WORK ORDER:
Starting at the line with "Exceptional Art Deco", copy each line through the last one below exactly as written, without any pictures.

### SUPPLIED MATERIAL

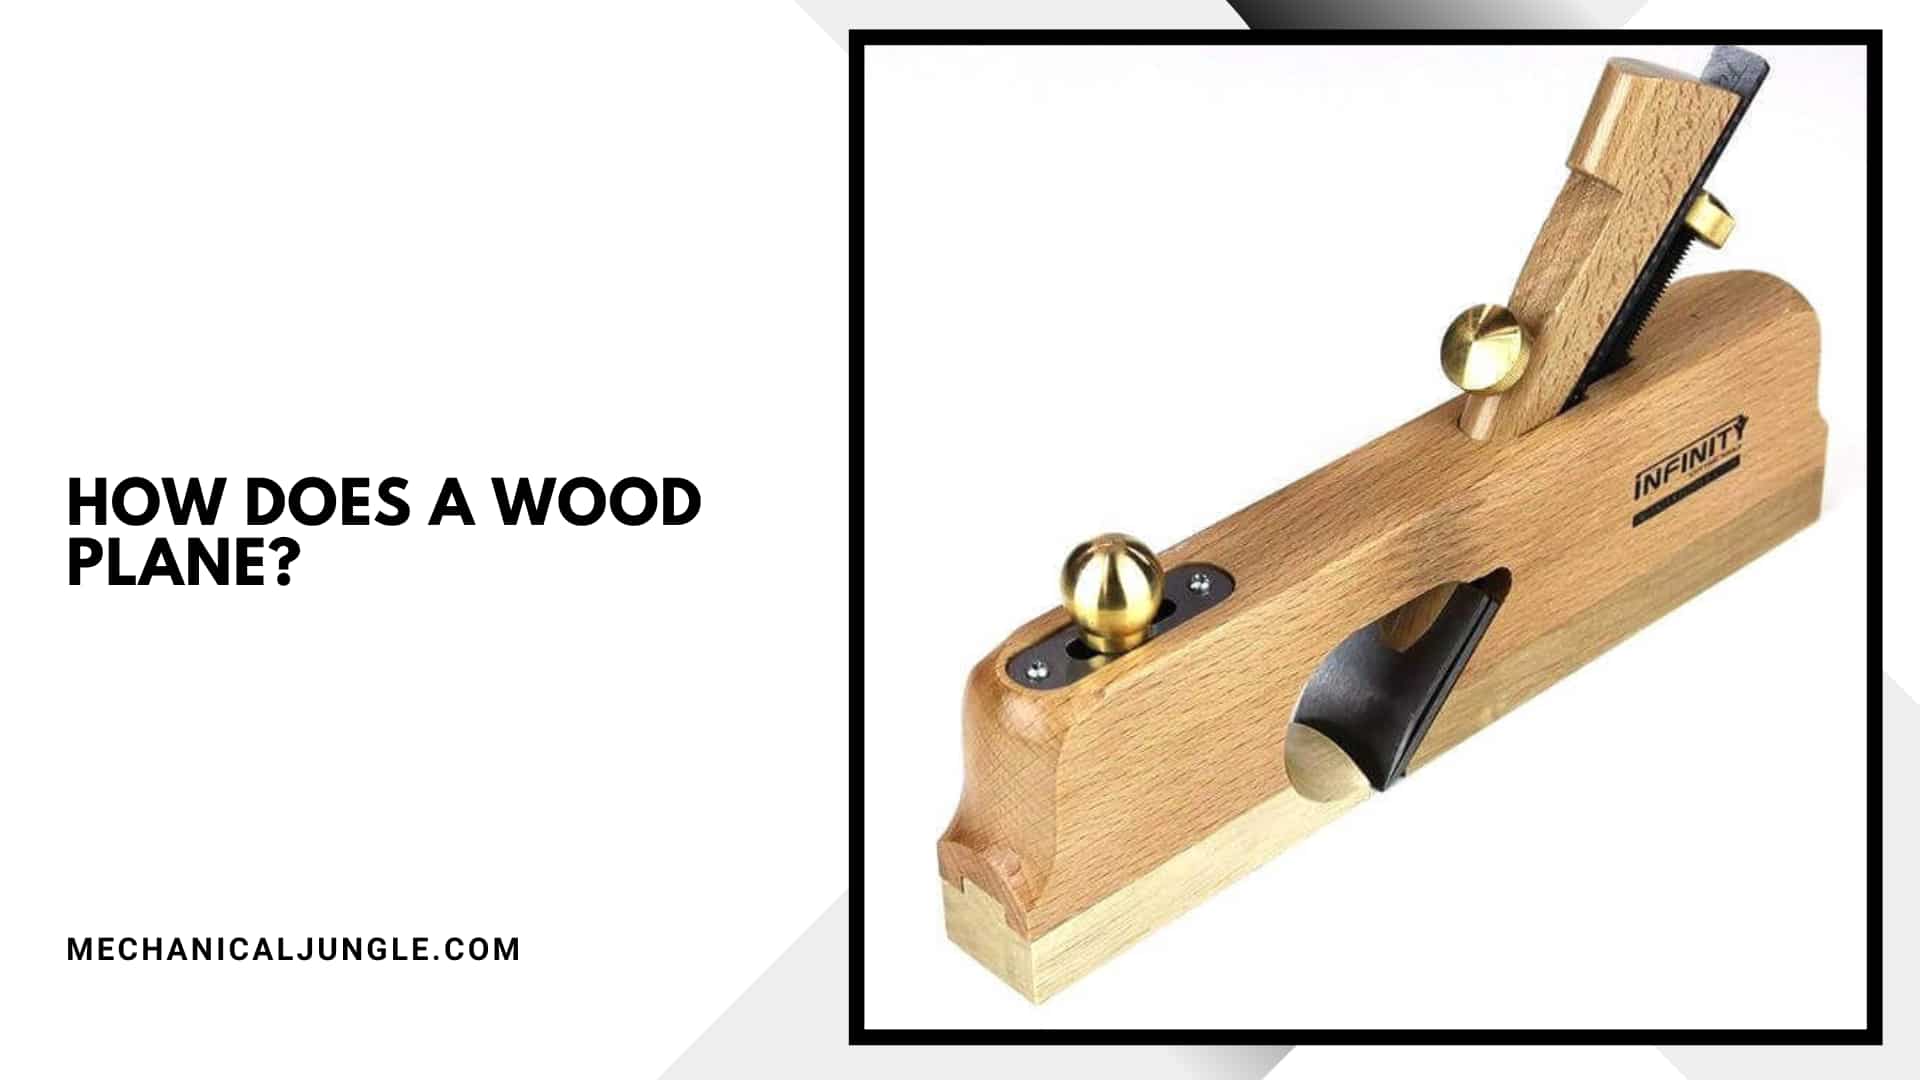 How Does a Wood Plane?
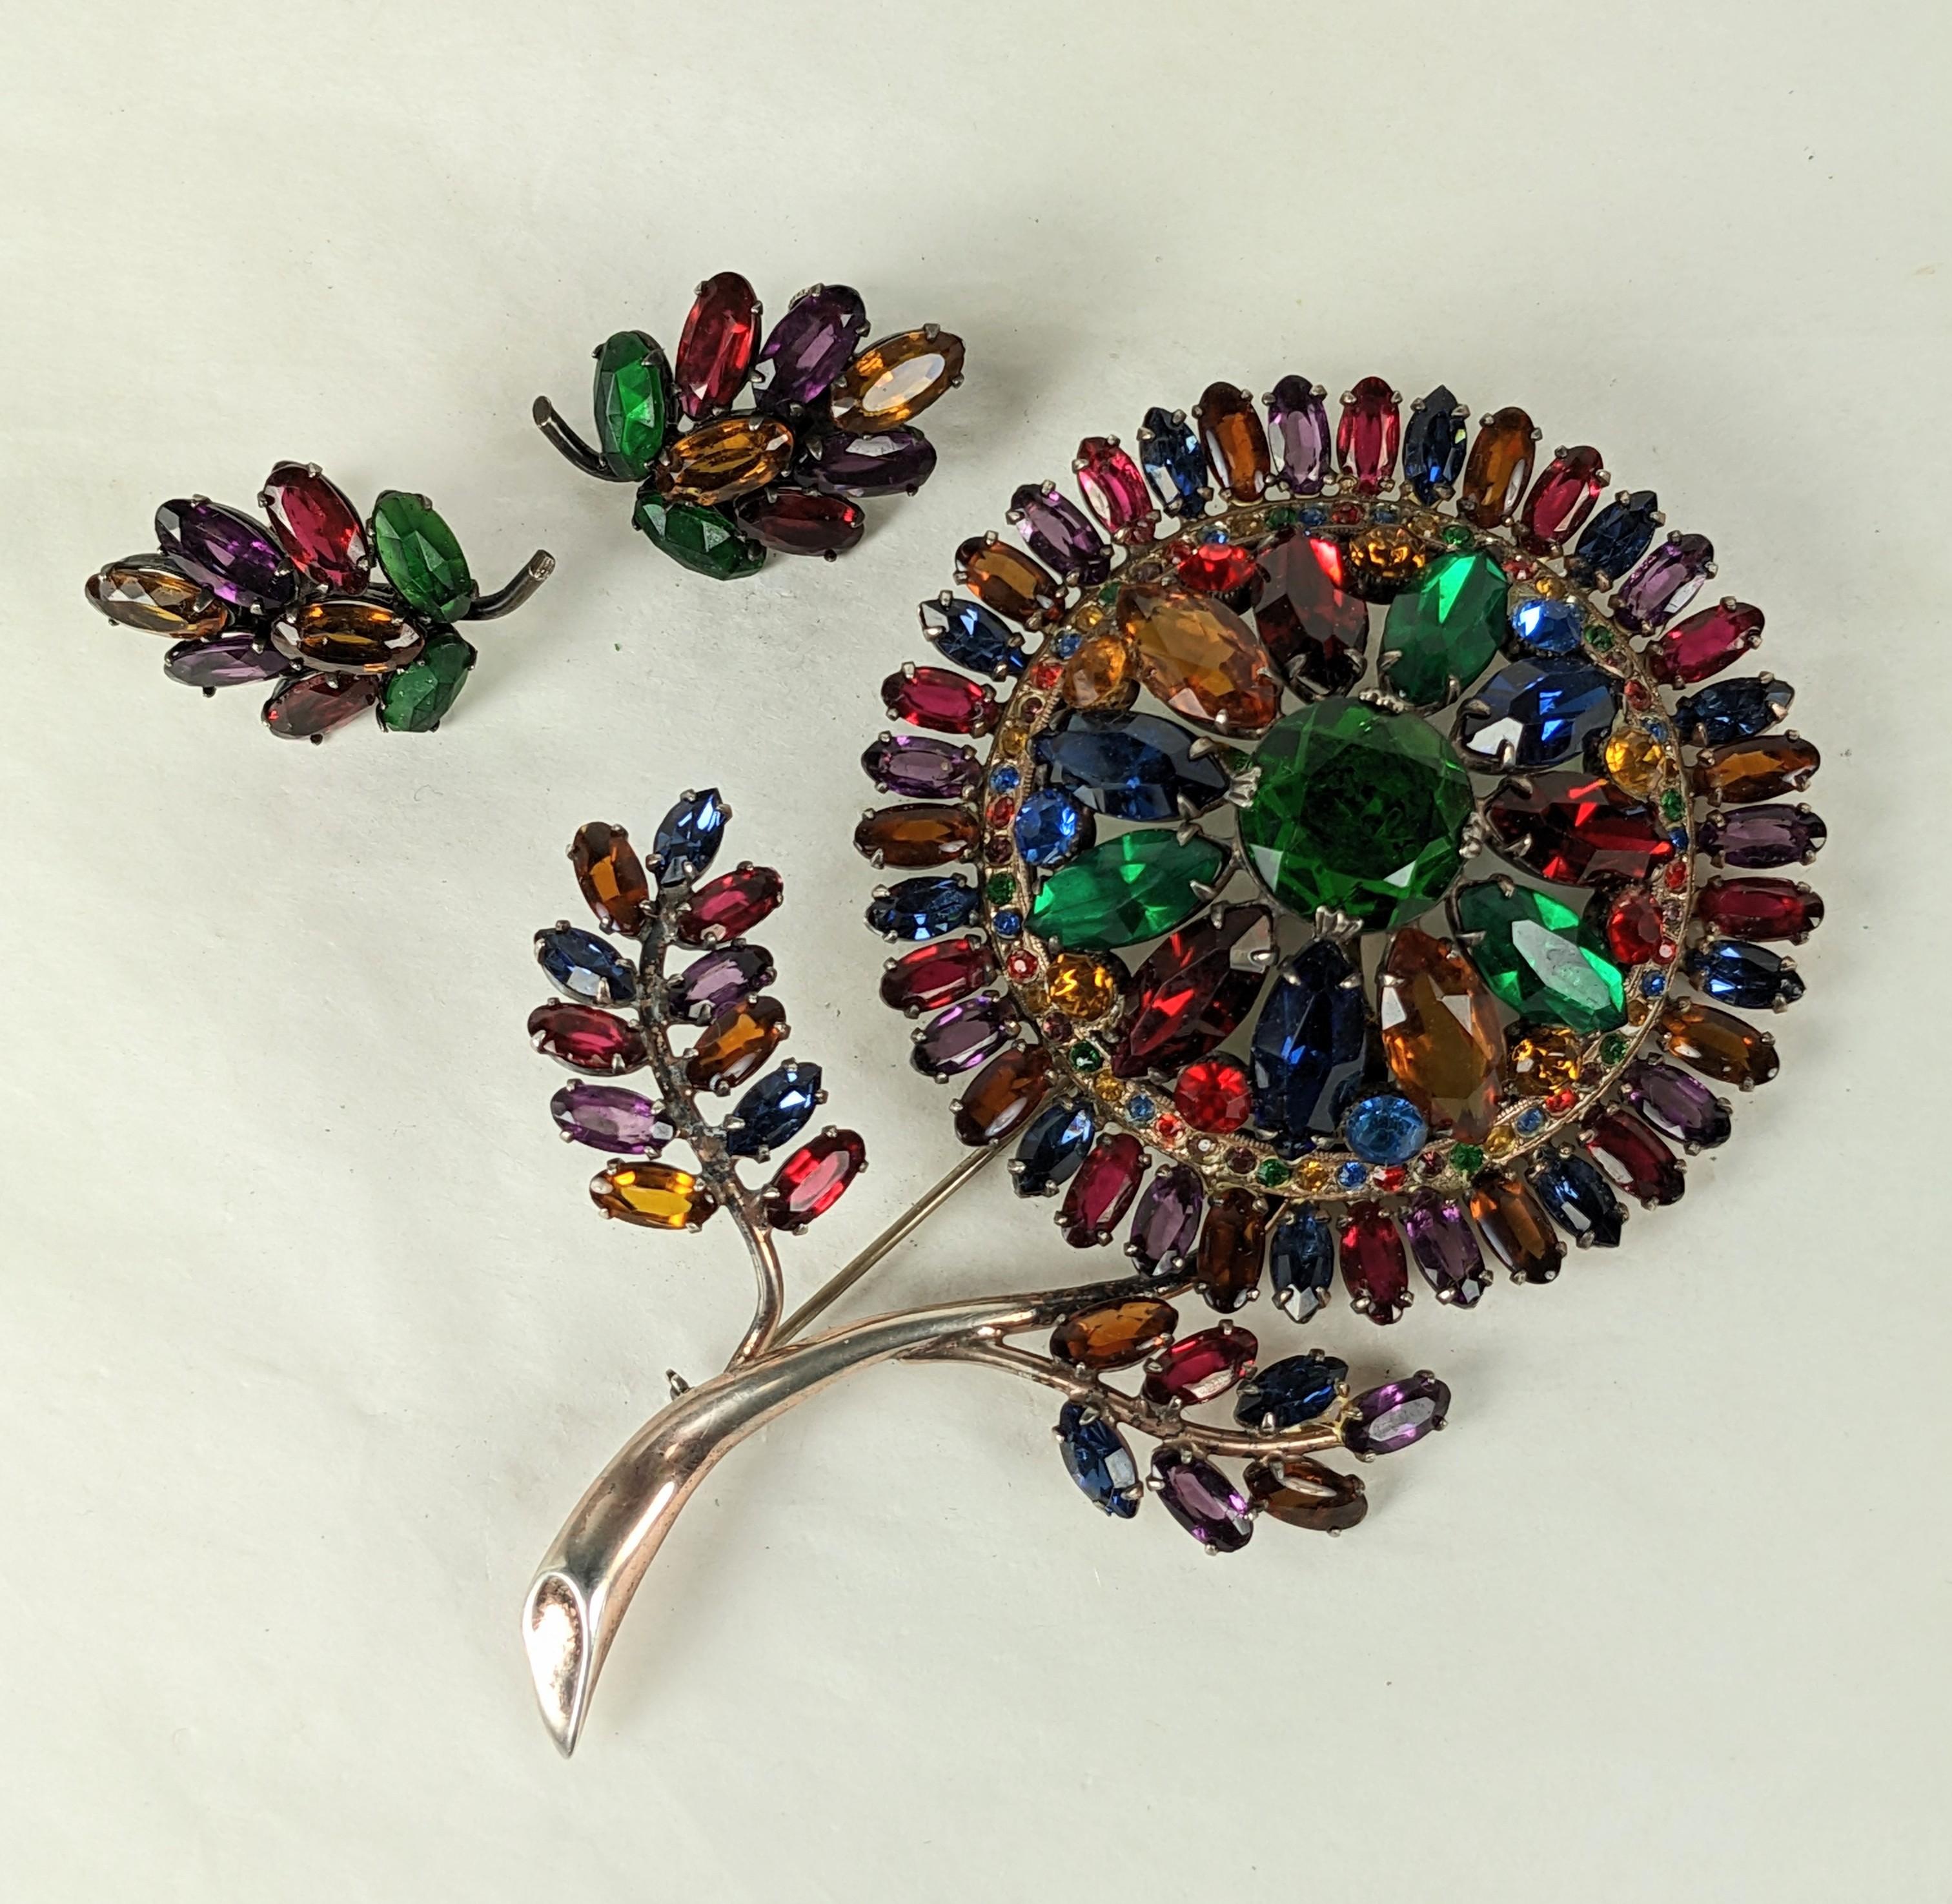 Exceptional Art Deco Jeweled Flower Set from the 1930's. Incredible scale and design in a multitude of colors set in sterling silver. Matching screw back earrings. 
1930's USA. Brooch 4.25

######

WRITTEN RESPONSE:
 Exceptional Art Deco Jeweled Flower Set from the 1930's. Incredible scale and design in a multitude of colors set in sterling silver. Matching screw back earrings. 
1930's USA. Brooch 4.25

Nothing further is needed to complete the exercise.